With Colbert’s extensive voice acting experience on everything from The Venture Bros. to Harvey Birdman: Attorney at Law, it’s surprising that Colbert wasn’t on The Simpsons sooner. Though he’s obviously got a decent range, at some point the showrunners decided they basically wanted Colbert’s character to be more or less the same one he plays on his parody pundit show.
“Okay Homer, I don’t know anything about planes, but I know about you. You have what made America great: no understanding of the limits of your power and a complete lack of concern for what anyone thinks of you. So you’ll land that plane. And do you know why? Because I heard some guy say you couldn’t.”
84. Dennis Franz as “Homer”
Episode: “Homer Badman”
Sometimes the quickest guest starring roles are the best. Playing on the fact that he’d probably be perfect as a live-action Homer Simpson, Franz plays himself playing an “evil” Homer in a Lifetime-style TV movie. It’s a throwaway joke, but one we’d be willing to watch for two hours.
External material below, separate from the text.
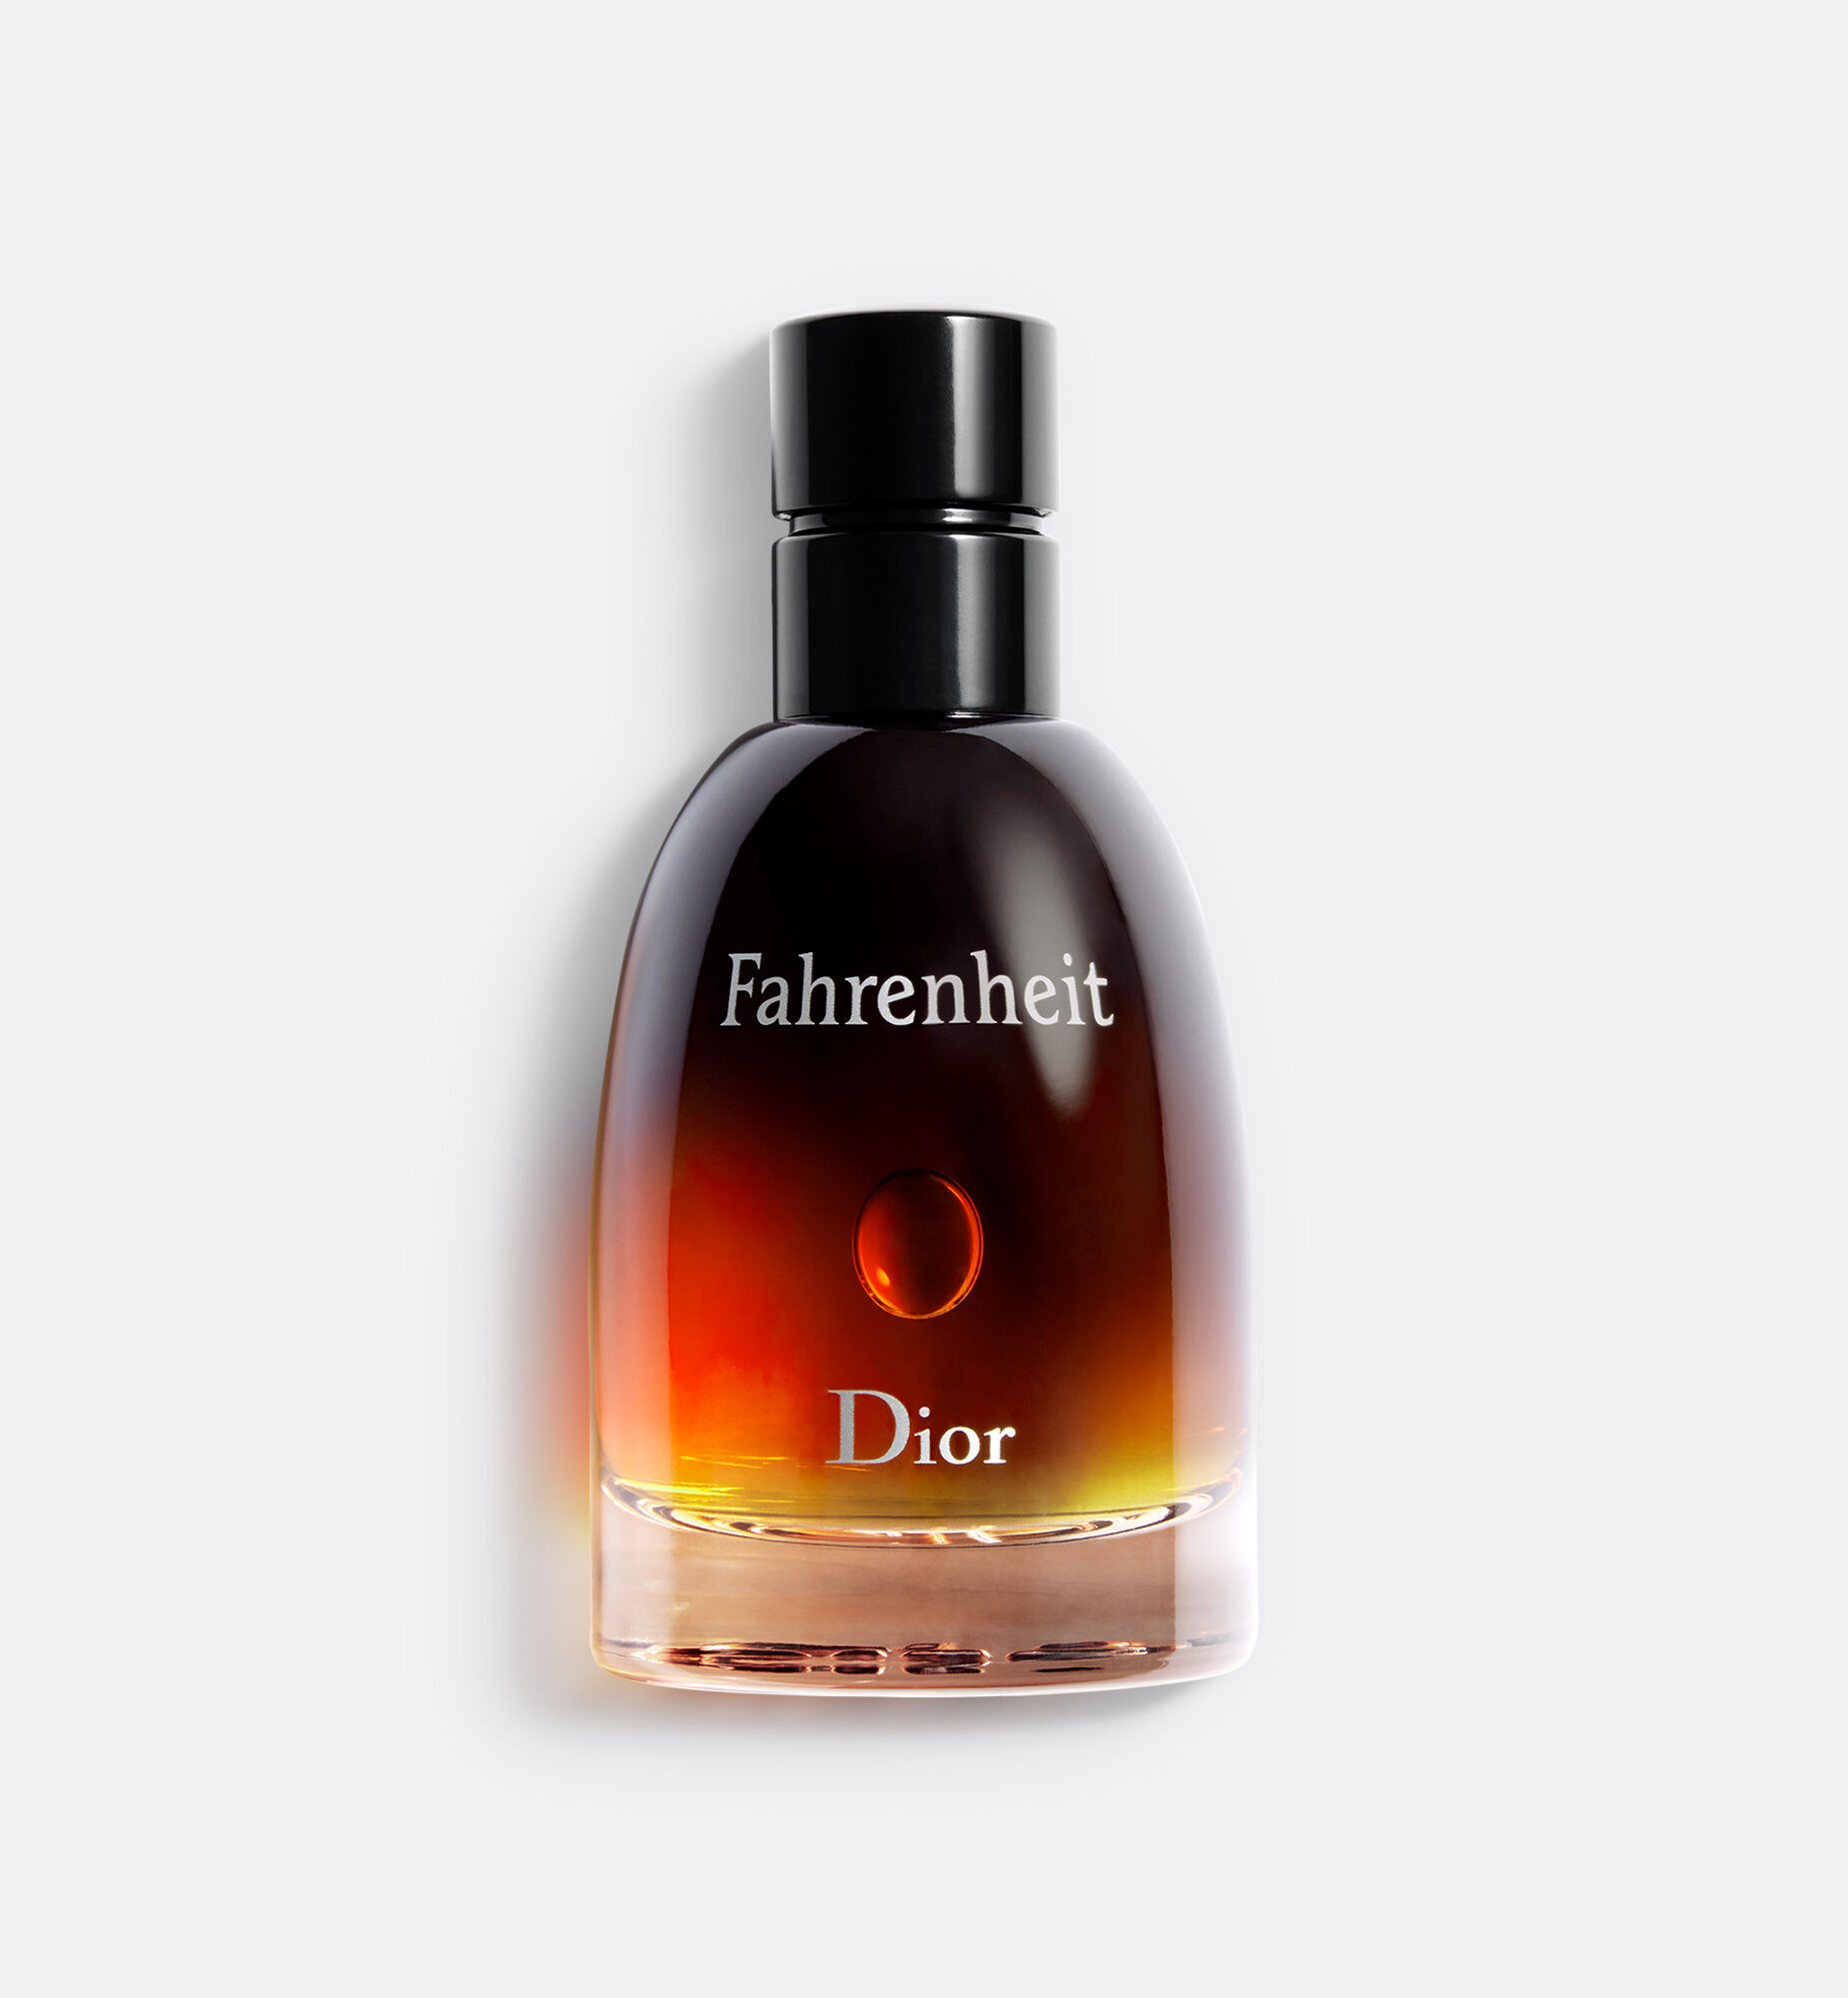 Купить духи Christian Dior Fahrenheit Parfum  мужская туалетная вода и  парфюм Кристиан Диор Фаренгейт Парфюм  цена и описание аромата в  интернетмагазине SpellSmellru

‘Ashley’: “No, Mr. Simpson, that’s sexual harassment. If you keep it up, I’ll yell so loud the whole country will hear!”
‘Homer’: [laughs] “With a man in the White House? [laughs] Not likely!”
83. Eric Idle as Declan Desmond
Episode: “‘Scuse Me While I Miss the Sky”
Even if you don’t recognize his name, you’ve probably seen Eric Idle in A Fish Called Wanda or one of the Monty Python flicks. Barring that, you at least have to remember his voice. Even in documentary-filmmaker mode, it’s unmistakably the same guy who lead the singalong while crucified in The Life of Brian.
“America is supposed to be democracy. But in the school yard, cool rules. And Springfield’s Machiavelli of the monkey bars is one Bartholomew Simpson. On today’s royal agenda; digging up dirt clods to throw at his school chums.”
82. John Waters as John
Episode: “Homer’s Phobia”
Though The Simpsons tends to magnify personalities, Waters was actually toned down in comparison to his usual zaniness. It helps make his character more relatable to the audience and more importantly to Homer, who like a sad amount of people in the ‘90s, still had some issues with homosexuality.
“Homer, I won your respect, and all I had to do was save your life. Now, if every gay man could just do the same, you’d be set.”
81. Penny Marshall as Ms. Botz
Episode: “Some Enchanted Evening”
The grotesque Ms. Botz is terrifying in part because of the odd techniques of early Simpsons animation, but Marshall helped a lot with her grizzled, unsettling voice. It’s a wonder the character has never showed up again in any major way. Maybe Marshall figured she’d go out on top.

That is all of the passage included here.